Because the film was a silent film, the characters’ faces needed to be accentuated so their facial expressions could be seen and understood better. I noticed and thought that the make-up characteristics looked similar to those of a mime. For instance with Freder, Fredersen, and Maria, their eyes were darkened and their faces were very bright. I liked this aspect because you could see more clearly what the characters were trying to get across (the clarity and quality of the film were rather mediocre, but considering the time of it’s making, it’s alright).

Throughout the movie I noticed that the workers and sometimes the thinkers would raise their hands reaching towards the sky. I believe that this symbolizes struggle and chaos among the groups. For instance, the scene where the workers of the completed Tower of Babel all reached their hands up to tear down the monument and lift the struggle from their shoulders. To relate this to religion, congregations will sometimes raise their hands, I guess, to relieve struggles in their lives and to receive their higher power’s love.

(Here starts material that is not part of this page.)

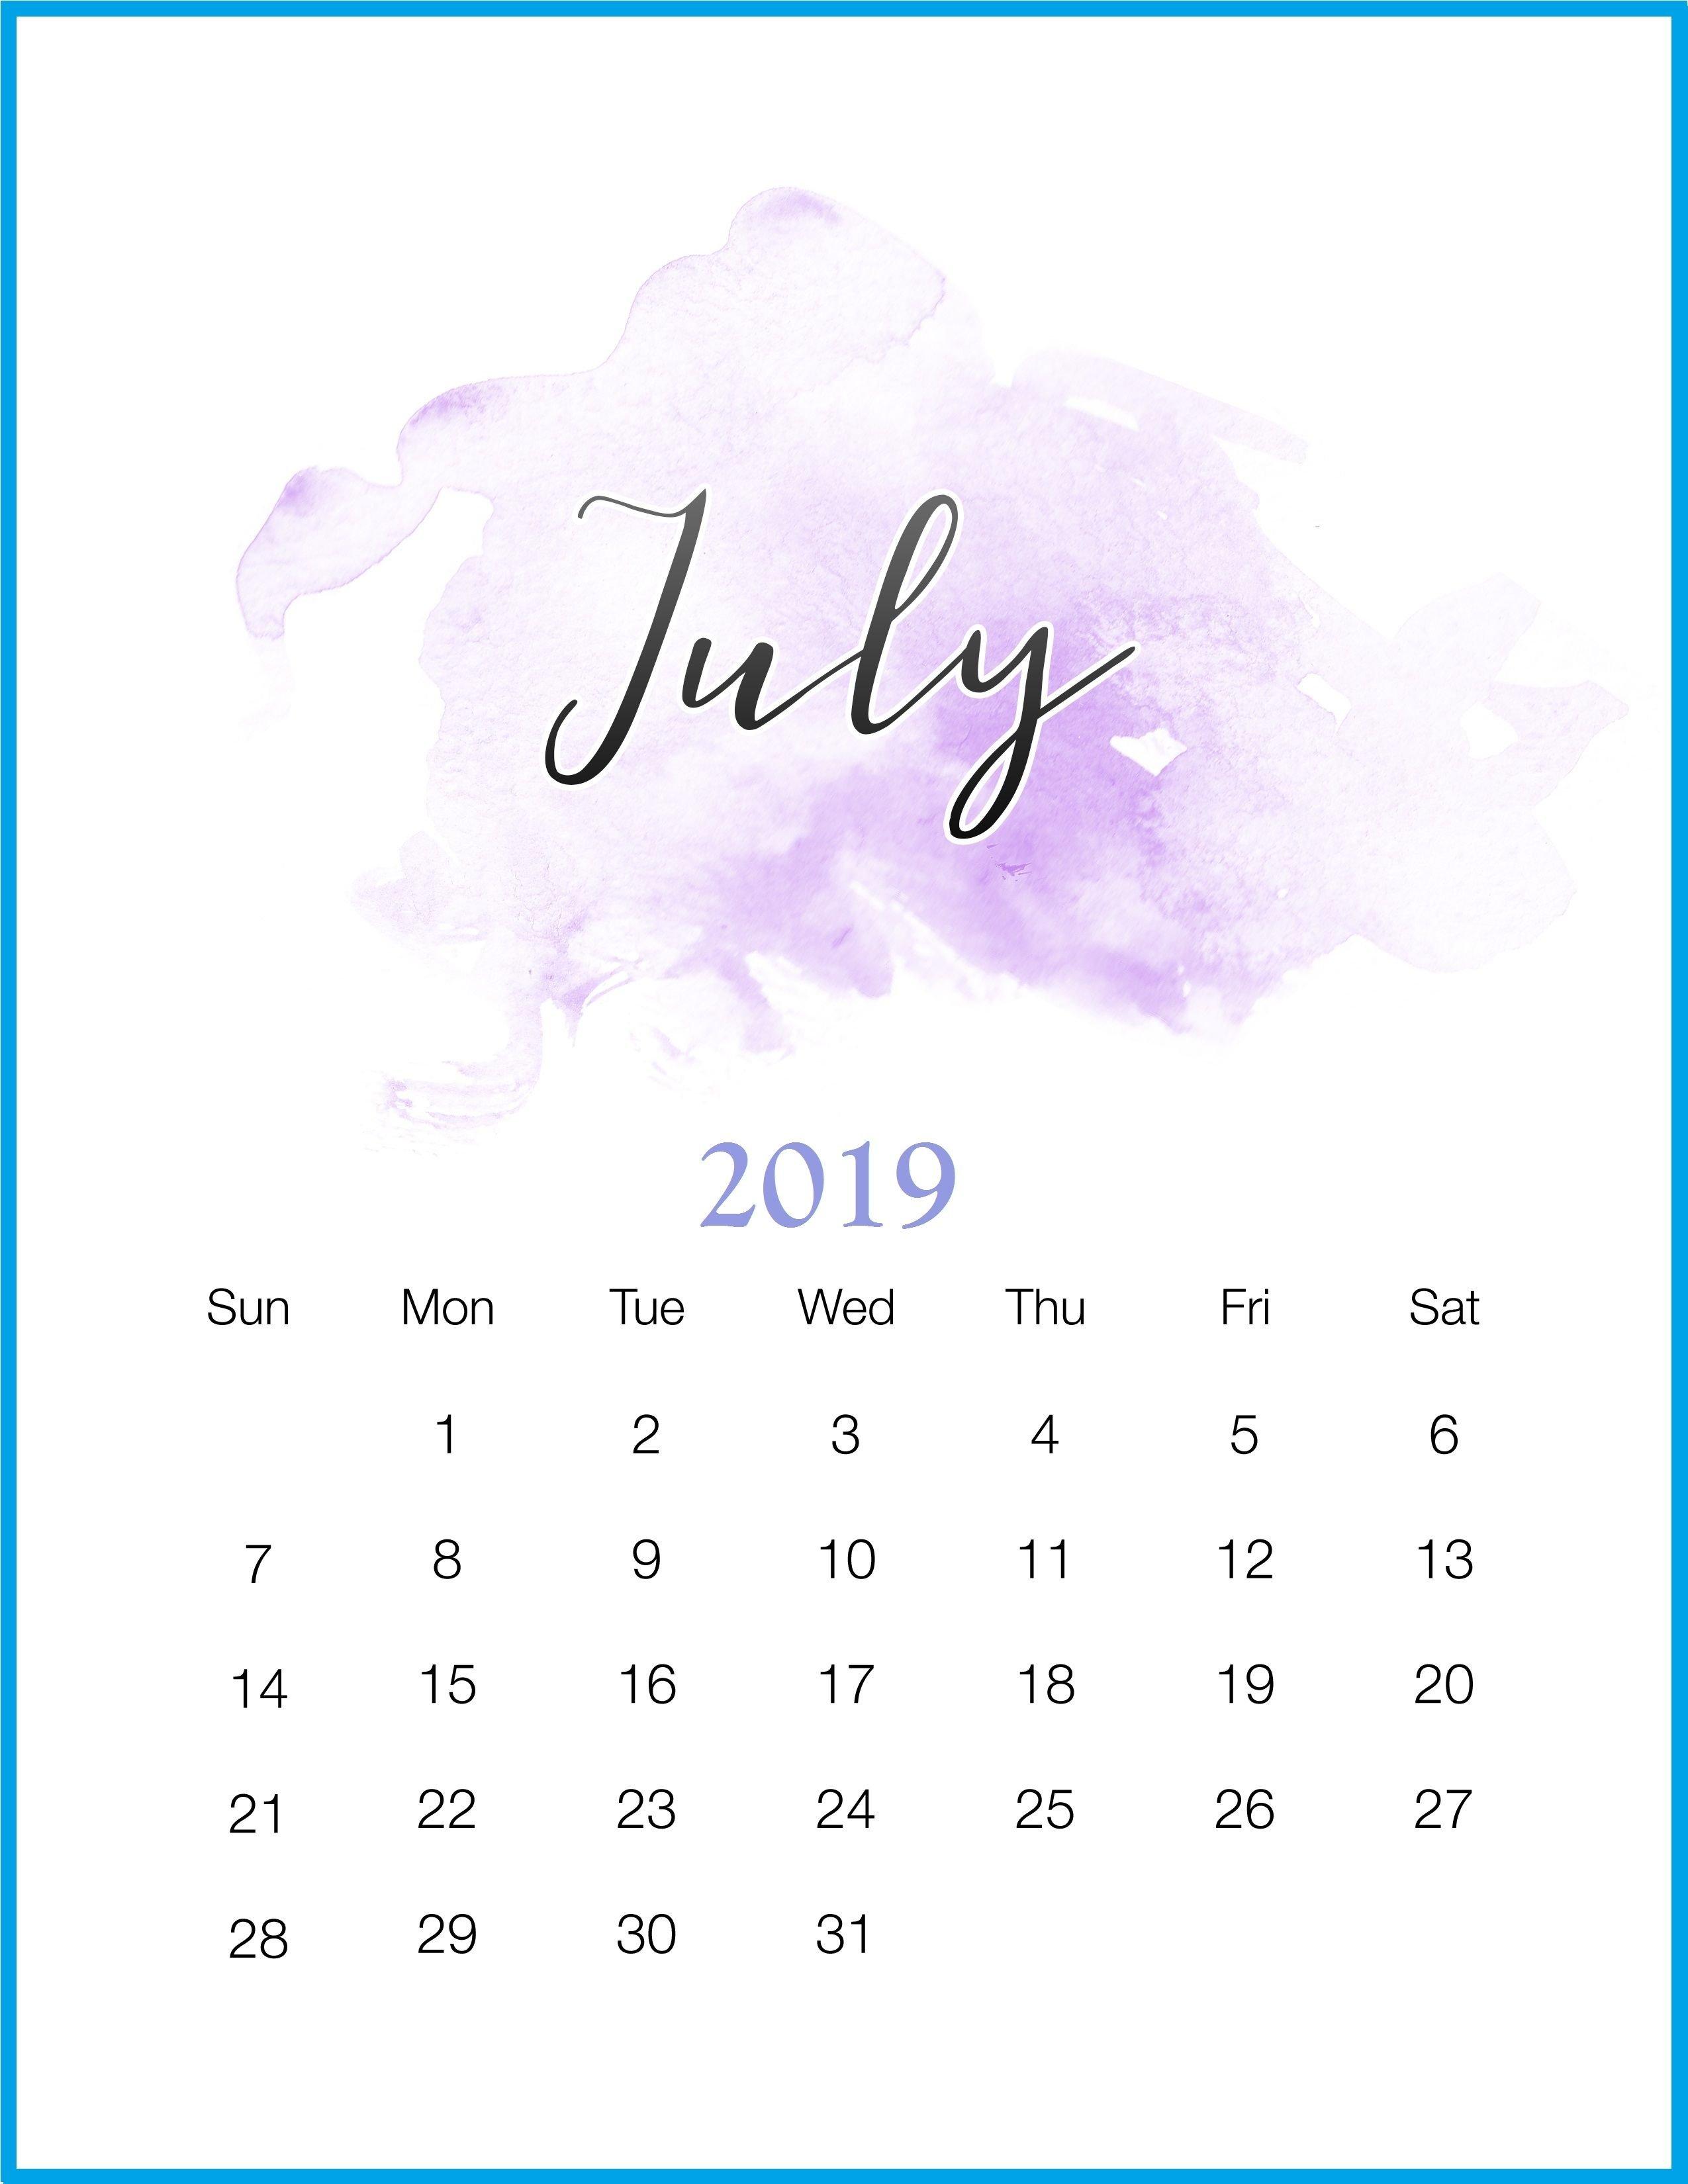 Get Free July 2019 Calendar Template Decemberjuly 2019 Calendar Calendar July 4 2019

We see this raising of hands again in the scene where the underground city is flooding and the children reach up to Maria and Freder on the gong monument in hopes of help and rescue. I believe, overall, that this raising of the hands derived from a religious stance since most religious fanatics associate the sky with heaven and God. Architecture in Metropolis blended with the new movements of Art Deco and Modernism of the early 1900’s. Although modernism isn’t so modern and Art Deco is an old style in our eyes, these types of architecture were new to the people of the early 1900’s.

At the time the style was revolutionizing and was considered futuristic to many. One notable example of Art Deco architecture is Rotwang’s laboratory decked with lights and industrial machinery. An example of modernistic architecture is the Tower of Babel the workers built. It was characterized with many curves, angles, and new heights, unlike the old-time architecture. Films and books like Metropolis (1927), The Fountainhead 1949), and Blade Runner (1982) have influenced societies with their new architecture.

As new ideas came out, movie producers used these ideas, which in turn, influenced society to accept and build on the ideas. All in all, I thought that the movie had some high points and low points. I liked the futuristic dystopian plot and the vivid make-up on the characters’ faces. I respect the fact that Metropolis is about 80 years old and was the first film of its kind. Silent films allow viewers to get a different perspective from other ordinary movies. Silent films let the characters’ emotions and expressions do the talking to the audience.

This is one of my least favorite dystopian books/films plot-wise. I thought the plot wasn’t that creative or entertaining, particularly the ending. I think the message of the story would have been more powerful if Maria was actually killed. Then Freder could have gotten so mad and upset that he went and killed his father and ended the divide between the thinkers and the workers. But this is not how it went; therefore, that is why I did not like it as much as some other futuristic stories.